It would earn a right wing politician a Big Tech suspension from social media. But all is fair in the pandemic war on civil liberties. Last week, United States Supreme Court Justice Sonya Sotomayor belched up a stinker — what the Washington Post called a “whopper.” During the closely watched high court debate over President Joe Biden’s unilateral vaccination decrees, Sotomayor insisted that the Omicron variant “is as deadly and causes as much serious disease in the unvaccinated as Delta did.”
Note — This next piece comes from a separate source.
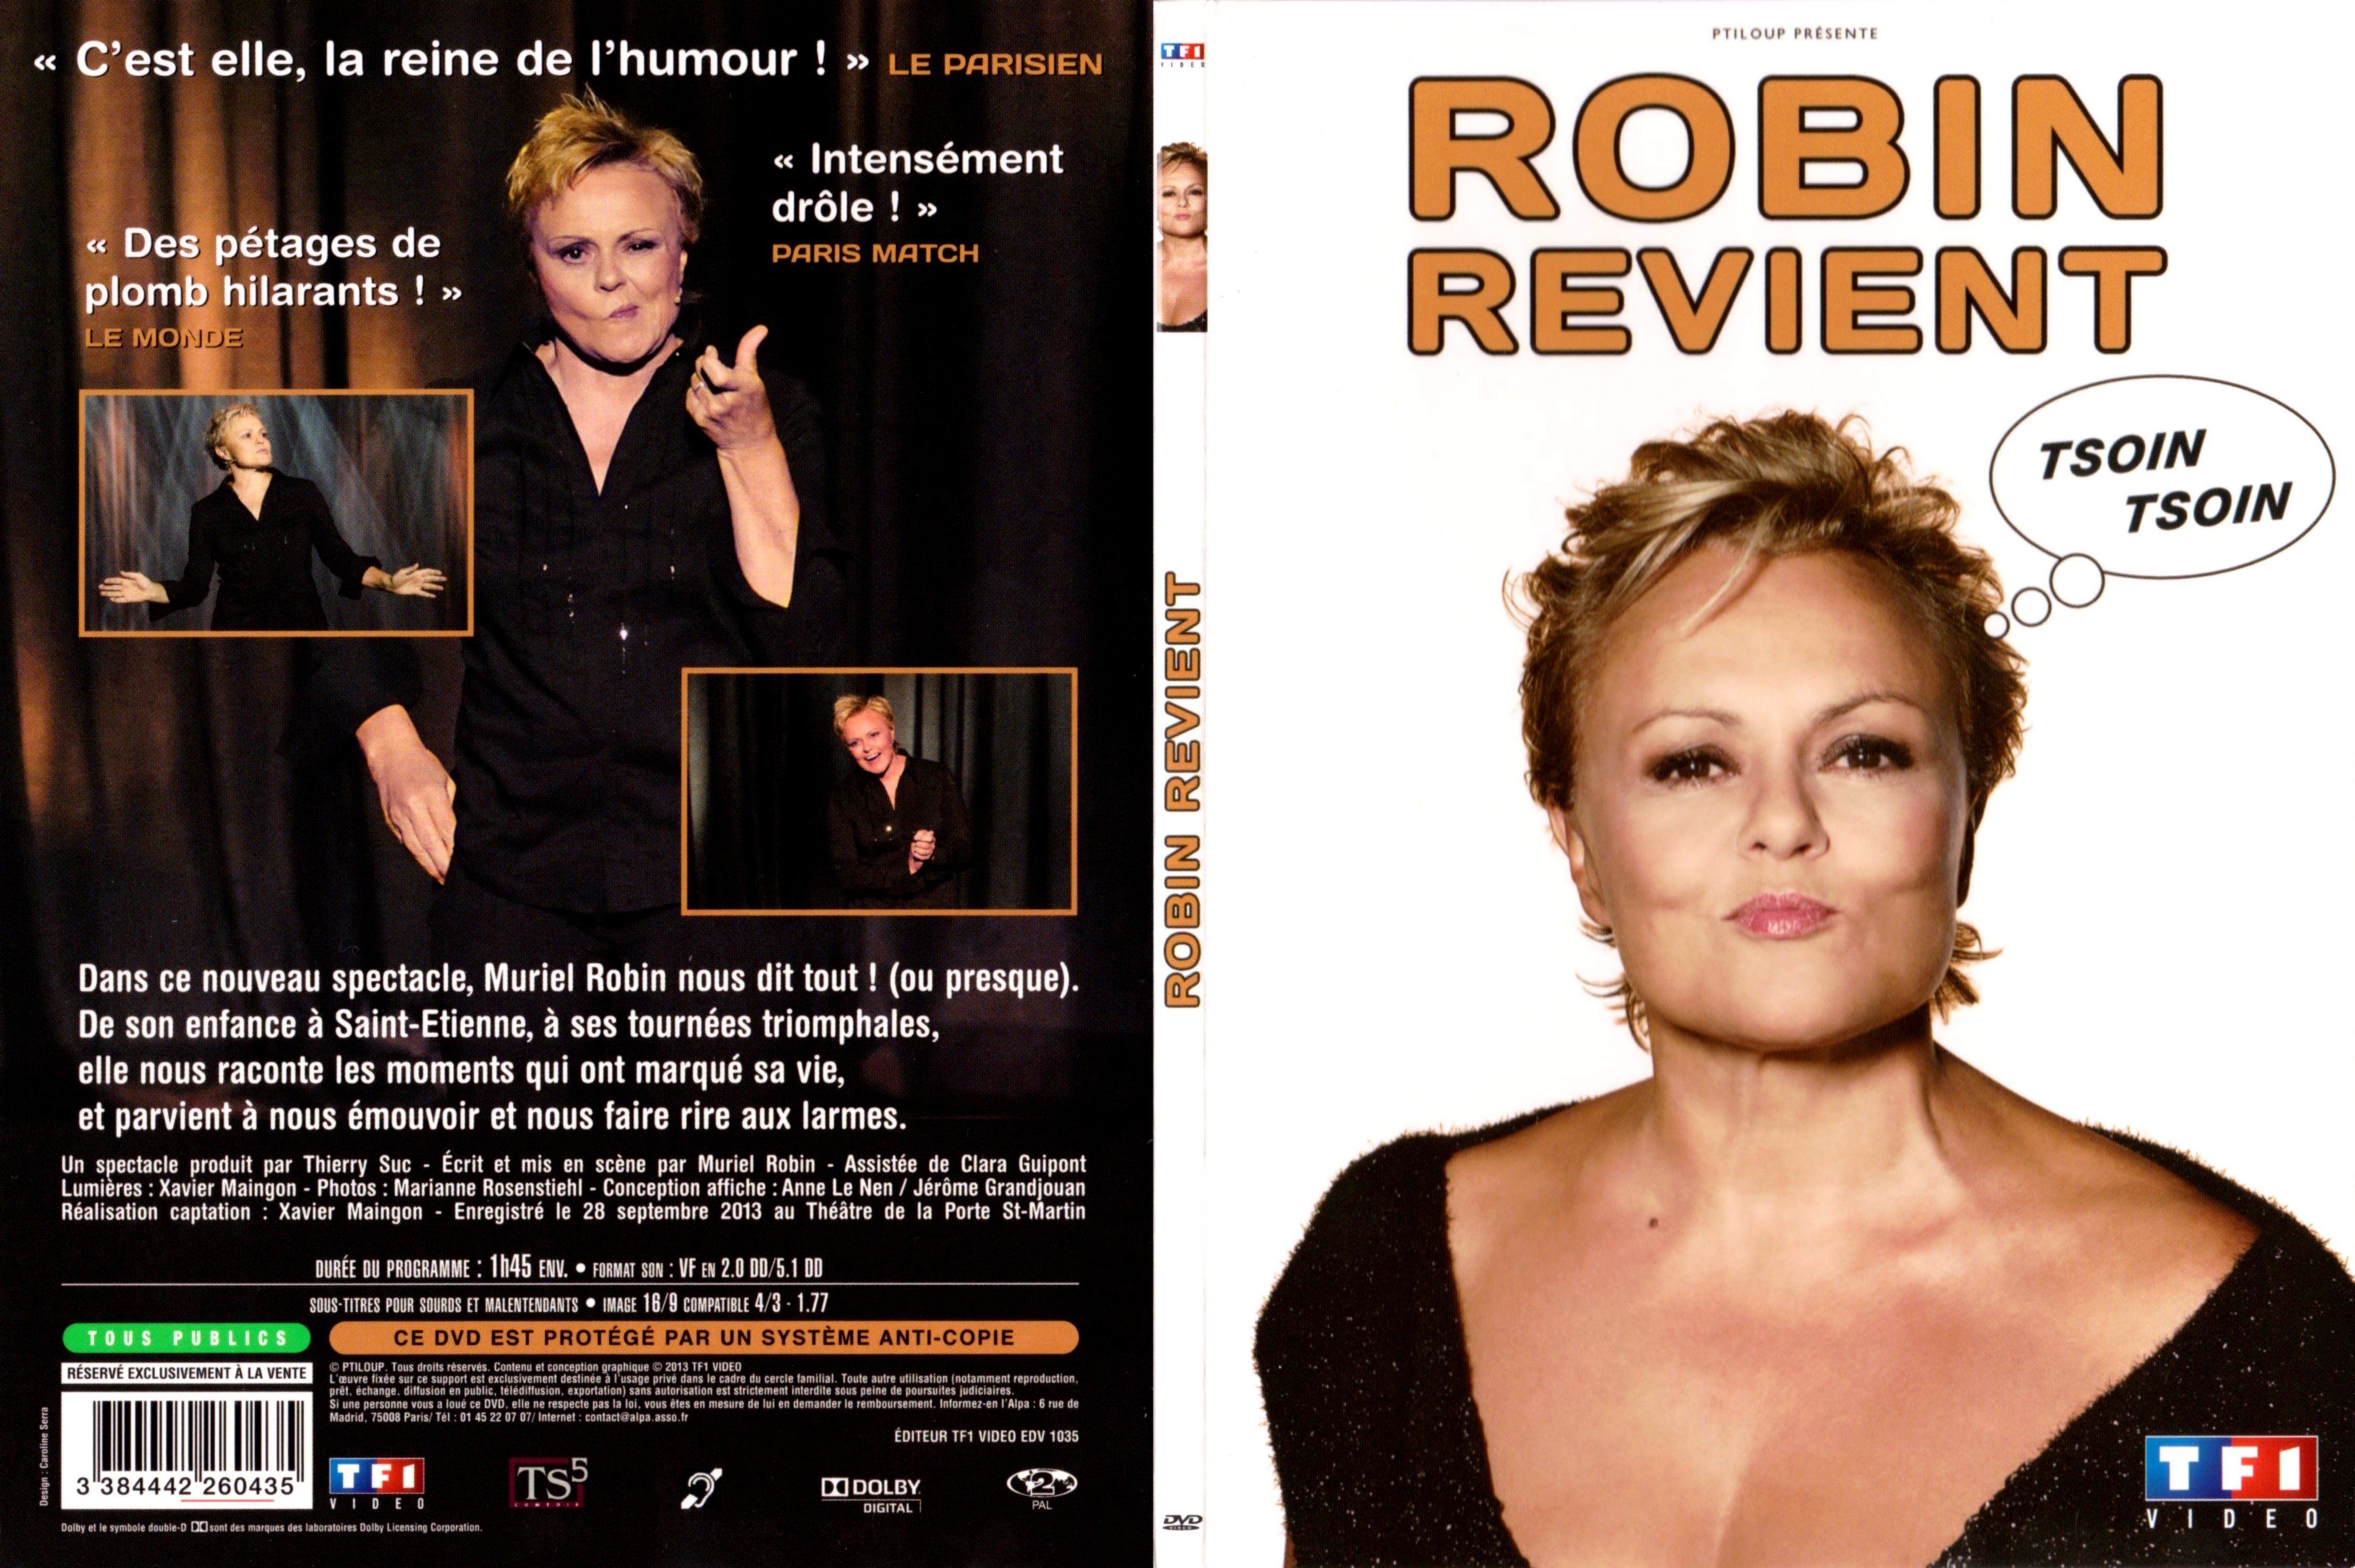 Jaquette DVD Muriel Robin revient tsoin tsoin v2
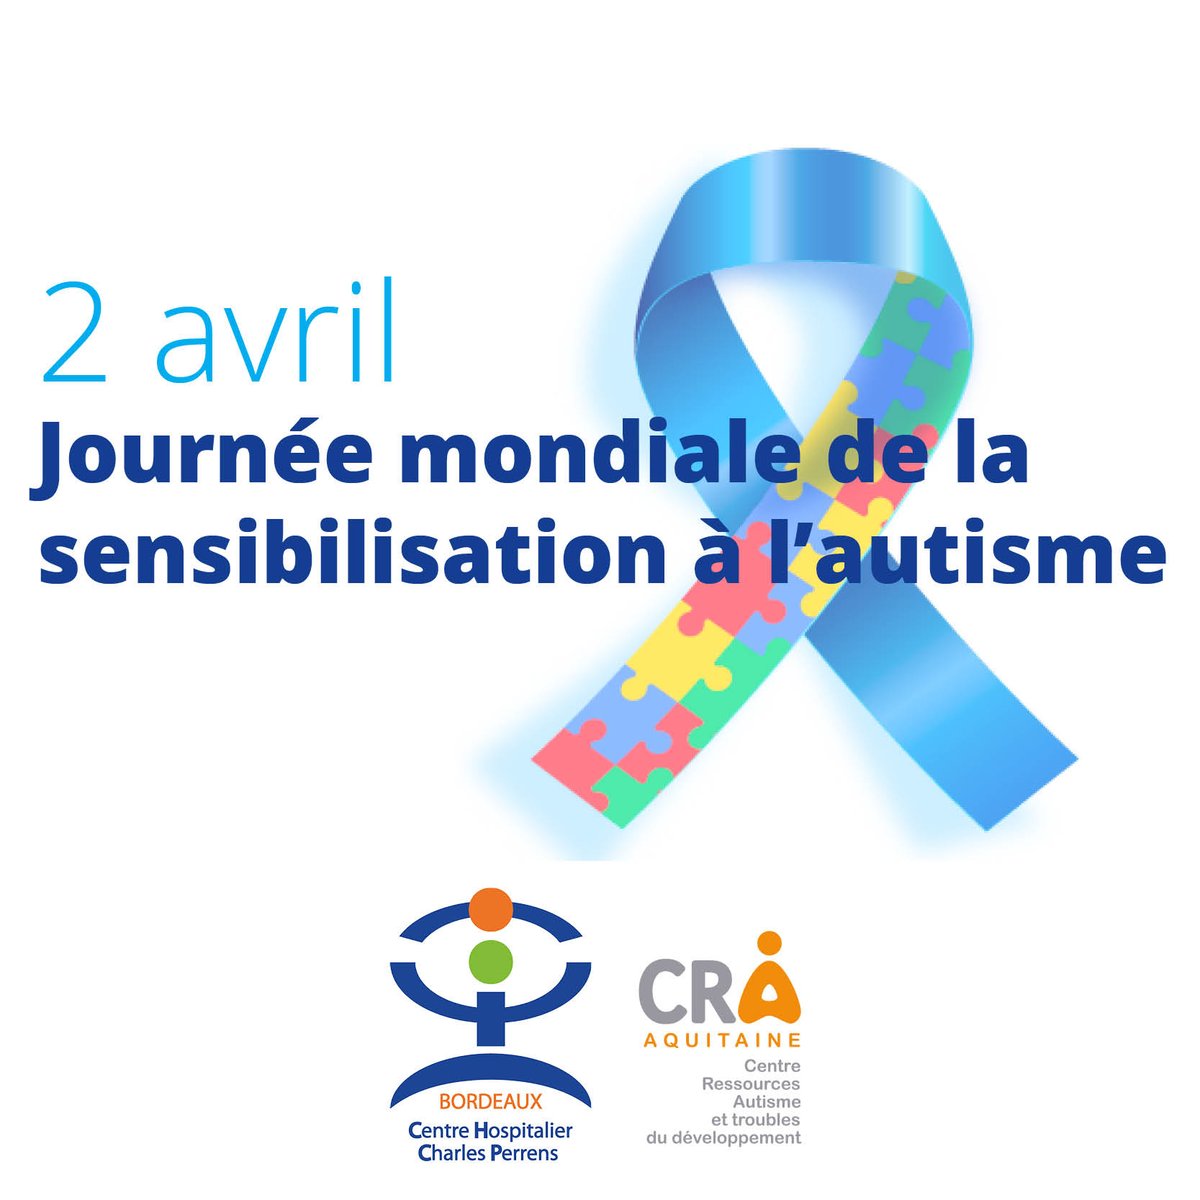 | Journée mondiale de la sensibilisation à l’autisme | L'occasion de rappeler que le @ch_perrens dispose d'un Centre Ressources Autisme (CRA) avec 6 antennes réparties sur le sud Nouvelle-Aquitaine. #Journeemondialedelautisme ➕d'infos ➡️ cra.ch-perrens.fr

The left leaning jurist even invoked “the children” to defend Biden’s potentially unconstitutional, government mandated imposition on privately employed adults: “We have over 100,000 children, which we’ve never had before, in serious condition and many on ventilators.” In the words of the Post’s official fact checker, the supreme was “wildly incorrect.” Sotomayor’s calculation was “at least 20 times higher than reality.”

Back in 2001, while addressing the University of California, Berkeley, School of Law, the Ivy League luminary mused, “I would hope that a wise Latina woman with the richness of her experiences would more often than not reach a better conclusion than a white male who hasn't lived that life.” As we enter year three of the pandemic panic, many fatigued Americans would hope that a Supreme Court justice with the extraordinary power to shape their Constitutional rights would never reach for sloppy statistics to shore up questionable conclusions.